Slowly, the penny is dropping that future food security requires a shift to sustainable diets. Some see this as a developing world problem - if only the BRICs wouldn’t eat more meat and dairy! This is nonsense. China’s meat consumption has rocketed, but per capita it’s below the US’s. As people get richer, they go through the Nutrition Transition. We did it earlier so cannot blame others who follow. The common challenge lies ahead: how to lower everyone’s impact, eat well, eat less meat, reduce feeding animals on cereals, and prevent huge diet-related ill health bills.

Last week, the UN launched another report urging sustainable diets. Next month, researchers and foundations meet to discuss the research agenda.

A leading researcher said to me recently, we know the problems but no-one’s addressing what to do. In fact, five policy positions are emerging.

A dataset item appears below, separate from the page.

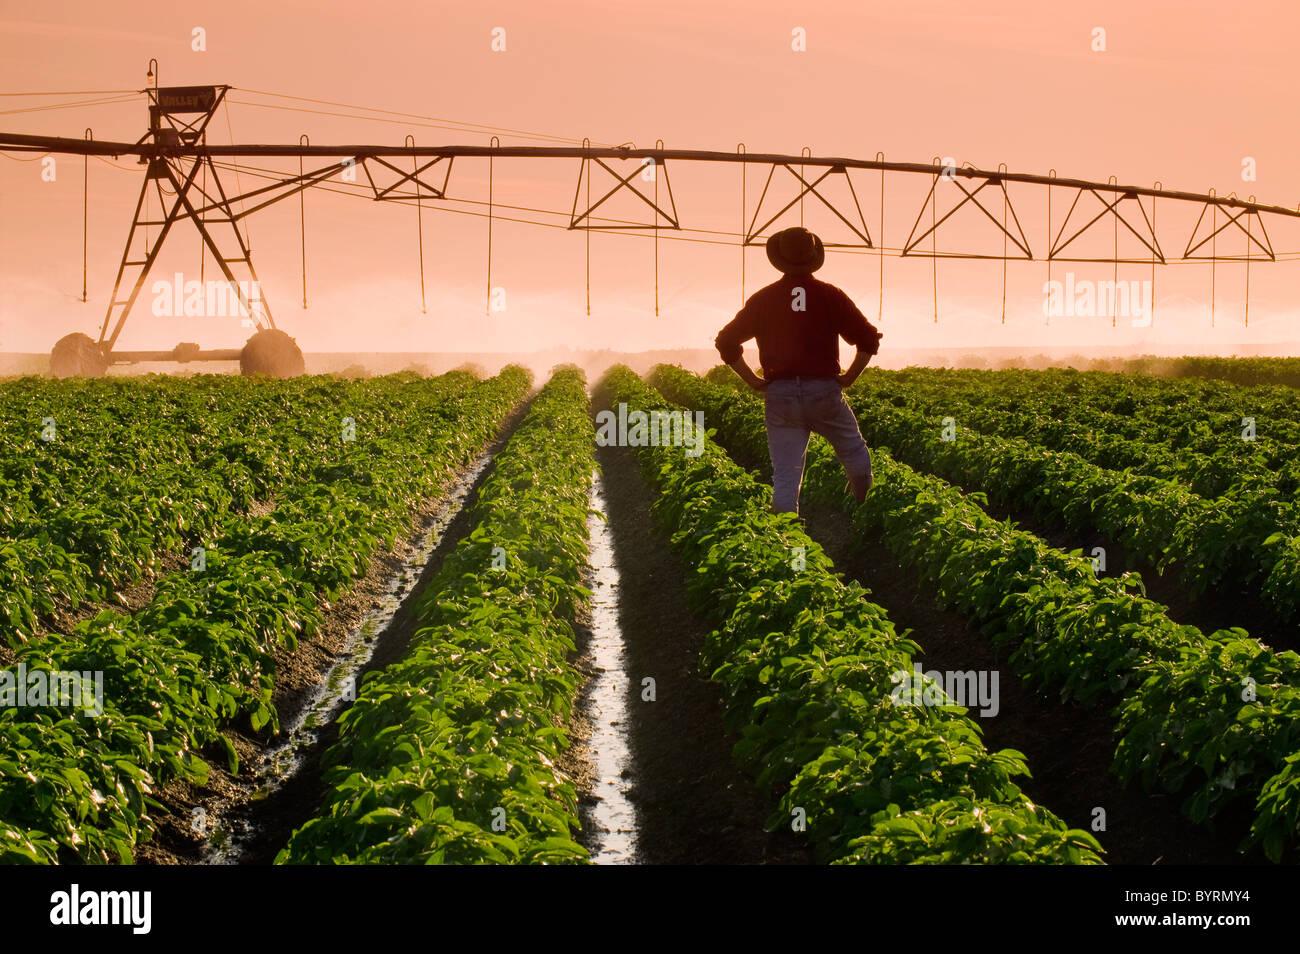 Ein Bauer steht in seiner Mitte Wachstum Kartoffelfeld ein Zentrum Pivot-Bewässerung-System in Betrieb im späten Stockbild

The first is that it’s not a problem. Leave it to markets. If UK consumers want to eat as though there are three planets (US five), let them. That’s the Canute position.

” Canute’s position: to keep on eating as if there were three planets”

The second centres on choice-editing, mostly beneath the consumer radar. The strategy is quietly to shave off environmental stresses like CO2 and H2O. But this lowers footprints only so far. Big change requires heavy consumers to cut down.

The third is in civil society terrain. This is to experiment with sustainable diets. Eating diets lower in meat and dairy, with lower carbon and less heavy transport, ticks enviro and health boxes.

The fourth seeks solutions from technology. Sometimes this is wrapped up in pleading for bioscience funds at farm level. It’s a variant of the paradigm that got us into the trouble we’re in: mining resources to raise productivity while jettisoning people from the land and assuming consumers make rational choices. But if anything needs research support, it’s horticulture.

The fifth is illustrated by the EU quietly creating new frameworks. It’s tortoise to Big Science’s hare. It began with the resource-efficient Europe Roadmap. A sustainable food directive is under way. Many welcome it for giving some guidance. But where is the UK government in all this?